- 6 hours
- 1-2hours
- Serves 6
- For the base:
- 300g Pecans or Almonds
- 1 tsp, Pink Himalayan Salt
- 200g, medjool dates
- For the filling:
- Blend the flesh of 4 medium, ripe avocados
- 150g Virgin coconut oil
- Beans of 2 whole vanilla pods
- 200g raw cacao powder
- Pinch of salt
- 300g coconut blossom sugar or agave nectar to taste.
In a food processor, blend the pecans or almonds (Preferably, soak them for around 6 hours and then dehydrate them. The soaking releases the enzyme inhibitors and makes them easier to digest)

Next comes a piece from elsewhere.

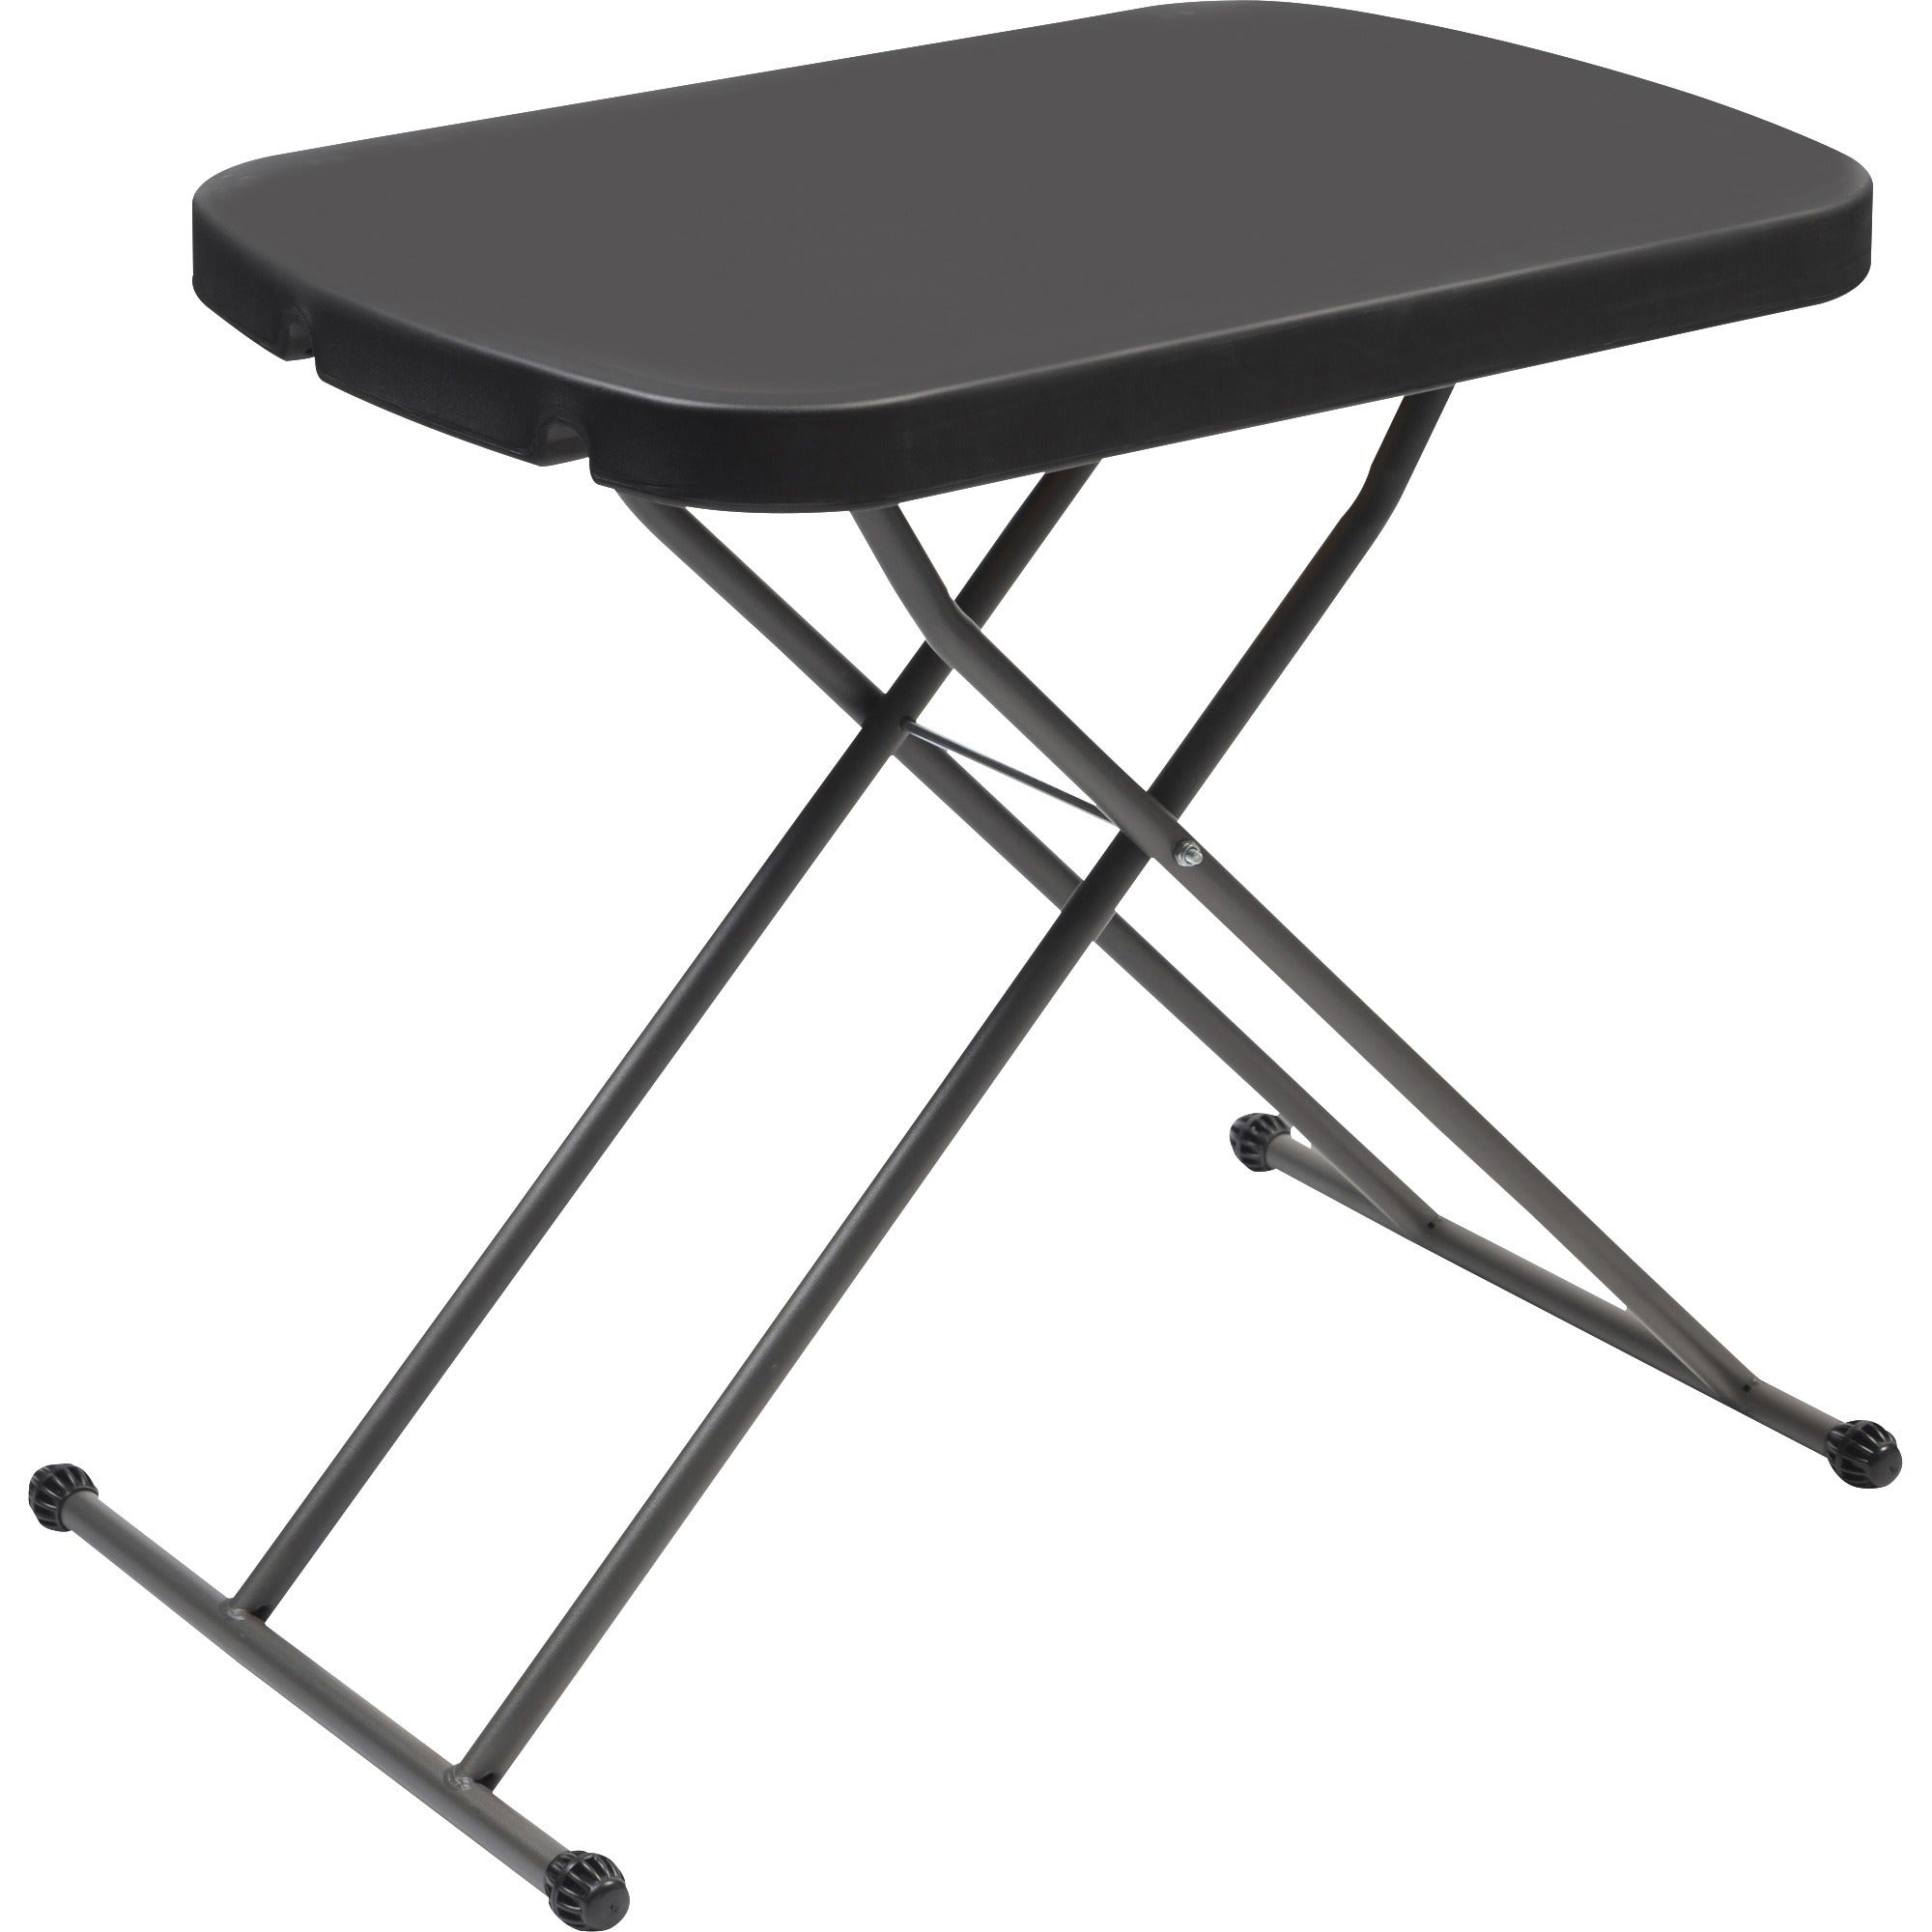 iceberg-indestructable-small-space-personal-table-for-table-topblack-top-25-lb-capacity-adjustable-height-2080-to-2660-adjustment-x-2660-table-top-width-x-1780-table-top-depth-2660-height-high-density-polyethylene-hdpe-resi_ice65498 - 1

Then add the Pink Himalayan salt or another good quality salt. To this, add the Fresh medjool dates. Blend until you have a ‘dough’, or until the mix forms a ball.
Press this mixture into the bottom of a mould. Cover in cling film and leave to harden in the freezer till you are ready to pour on the filling. I like to use a silicone mould. They are freezer safe and easy to get the tart out once it has set.
Blend your filling ingredients until smooth, and then pour onto the base.
Set in the freezer for 1 hour. Then it should be firm enough to slice up. Top with fresh berries, edible flowers, a dusting of cacao powder- whatever takes your fancy and whatever looks pretty!